### THE DATA
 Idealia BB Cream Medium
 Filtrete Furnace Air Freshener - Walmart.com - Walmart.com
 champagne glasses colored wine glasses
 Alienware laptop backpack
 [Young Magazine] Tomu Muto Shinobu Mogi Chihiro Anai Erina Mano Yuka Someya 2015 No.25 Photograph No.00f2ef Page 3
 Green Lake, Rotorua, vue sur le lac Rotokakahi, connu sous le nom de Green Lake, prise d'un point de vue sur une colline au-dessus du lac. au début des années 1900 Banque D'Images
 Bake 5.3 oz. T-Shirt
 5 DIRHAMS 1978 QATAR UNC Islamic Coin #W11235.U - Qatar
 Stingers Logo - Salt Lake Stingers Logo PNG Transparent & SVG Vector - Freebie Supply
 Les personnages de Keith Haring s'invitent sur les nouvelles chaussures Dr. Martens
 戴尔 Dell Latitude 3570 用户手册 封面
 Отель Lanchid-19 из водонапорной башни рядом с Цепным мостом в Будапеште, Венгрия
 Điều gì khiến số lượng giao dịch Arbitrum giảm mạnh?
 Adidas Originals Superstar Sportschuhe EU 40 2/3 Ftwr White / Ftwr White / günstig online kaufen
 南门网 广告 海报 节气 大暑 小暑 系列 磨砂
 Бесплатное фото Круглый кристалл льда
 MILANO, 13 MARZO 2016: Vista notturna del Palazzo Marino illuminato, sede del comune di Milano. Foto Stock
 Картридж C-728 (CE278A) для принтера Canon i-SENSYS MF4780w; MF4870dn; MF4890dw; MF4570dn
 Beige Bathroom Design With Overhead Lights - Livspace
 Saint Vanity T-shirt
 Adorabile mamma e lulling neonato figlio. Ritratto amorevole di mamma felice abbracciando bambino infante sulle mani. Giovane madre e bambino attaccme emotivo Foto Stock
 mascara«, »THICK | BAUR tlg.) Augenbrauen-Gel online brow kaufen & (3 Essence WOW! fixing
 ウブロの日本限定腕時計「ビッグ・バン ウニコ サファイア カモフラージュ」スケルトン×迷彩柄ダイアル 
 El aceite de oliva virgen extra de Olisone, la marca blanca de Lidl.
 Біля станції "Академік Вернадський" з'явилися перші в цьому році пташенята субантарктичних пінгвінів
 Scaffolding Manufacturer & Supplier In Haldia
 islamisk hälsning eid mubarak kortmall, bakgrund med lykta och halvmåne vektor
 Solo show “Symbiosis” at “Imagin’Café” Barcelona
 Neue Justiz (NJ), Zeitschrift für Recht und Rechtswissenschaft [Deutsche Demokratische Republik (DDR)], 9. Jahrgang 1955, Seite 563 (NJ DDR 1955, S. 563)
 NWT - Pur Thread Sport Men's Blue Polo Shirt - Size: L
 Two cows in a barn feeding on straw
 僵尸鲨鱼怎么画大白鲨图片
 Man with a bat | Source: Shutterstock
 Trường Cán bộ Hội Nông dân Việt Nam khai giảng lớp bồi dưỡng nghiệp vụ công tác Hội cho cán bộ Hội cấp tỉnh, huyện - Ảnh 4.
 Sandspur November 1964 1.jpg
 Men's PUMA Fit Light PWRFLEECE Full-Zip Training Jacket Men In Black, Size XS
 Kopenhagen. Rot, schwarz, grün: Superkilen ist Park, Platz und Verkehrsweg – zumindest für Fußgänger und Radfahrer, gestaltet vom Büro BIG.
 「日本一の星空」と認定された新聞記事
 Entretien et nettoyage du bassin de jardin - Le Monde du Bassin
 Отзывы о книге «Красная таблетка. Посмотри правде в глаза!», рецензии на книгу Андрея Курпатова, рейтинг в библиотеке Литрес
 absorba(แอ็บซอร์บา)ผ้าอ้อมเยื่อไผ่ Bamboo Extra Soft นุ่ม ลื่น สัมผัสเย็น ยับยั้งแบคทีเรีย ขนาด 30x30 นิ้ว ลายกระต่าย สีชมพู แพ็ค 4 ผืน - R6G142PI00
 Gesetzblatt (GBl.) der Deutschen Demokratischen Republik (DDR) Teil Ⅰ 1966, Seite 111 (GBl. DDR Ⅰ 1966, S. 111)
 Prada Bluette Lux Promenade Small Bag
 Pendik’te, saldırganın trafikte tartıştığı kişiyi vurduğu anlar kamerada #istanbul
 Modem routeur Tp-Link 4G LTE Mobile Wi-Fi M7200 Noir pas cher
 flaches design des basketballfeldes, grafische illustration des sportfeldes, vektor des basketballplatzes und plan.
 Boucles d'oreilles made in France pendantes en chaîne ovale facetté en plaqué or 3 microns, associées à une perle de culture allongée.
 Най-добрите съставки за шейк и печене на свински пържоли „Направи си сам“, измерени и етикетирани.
######
-- WORK ITEM --
The line with "ウブロの日本限定腕時計「ビッグ・バン ウニコ サファイア" marks the end; reproduce exactly every line from the start of the entries up to it, that line included.

-- ANSWER SECTION --
 Idealia BB Cream Medium
 Filtrete Furnace Air Freshener - Walmart.com - Walmart.com
 champagne glasses colored wine glasses
 Alienware laptop backpack
 [Young Magazine] Tomu Muto Shinobu Mogi Chihiro Anai Erina Mano Yuka Someya 2015 No.25 Photograph No.00f2ef Page 3
 Green Lake, Rotorua, vue sur le lac Rotokakahi, connu sous le nom de Green Lake, prise d'un point de vue sur une colline au-dessus du lac. au début des années 1900 Banque D'Images
 Bake 5.3 oz. T-Shirt
 5 DIRHAMS 1978 QATAR UNC Islamic Coin #W11235.U - Qatar
 Stingers Logo - Salt Lake Stingers Logo PNG Transparent & SVG Vector - Freebie Supply
 Les personnages de Keith Haring s'invitent sur les nouvelles chaussures Dr. Martens
 戴尔 Dell Latitude 3570 用户手册 封面
 Отель Lanchid-19 из водонапорной башни рядом с Цепным мостом в Будапеште, Венгрия
 Điều gì khiến số lượng giao dịch Arbitrum giảm mạnh?
 Adidas Originals Superstar Sportschuhe EU 40 2/3 Ftwr White / Ftwr White / günstig online kaufen
 南门网 广告 海报 节气 大暑 小暑 系列 磨砂
 Бесплатное фото Круглый кристалл льда
 MILANO, 13 MARZO 2016: Vista notturna del Palazzo Marino illuminato, sede del comune di Milano. Foto Stock
 Картридж C-728 (CE278A) для принтера Canon i-SENSYS MF4780w; MF4870dn; MF4890dw; MF4570dn
 Beige Bathroom Design With Overhead Lights - Livspace
 Saint Vanity T-shirt
 Adorabile mamma e lulling neonato figlio. Ritratto amorevole di mamma felice abbracciando bambino infante sulle mani. Giovane madre e bambino attaccme emotivo Foto Stock
 mascara«, »THICK | BAUR tlg.) Augenbrauen-Gel online brow kaufen & (3 Essence WOW! fixing
 ウブロの日本限定腕時計「ビッグ・バン ウニコ サファイア カモフラージュ」スケルトン×迷彩柄ダイアル 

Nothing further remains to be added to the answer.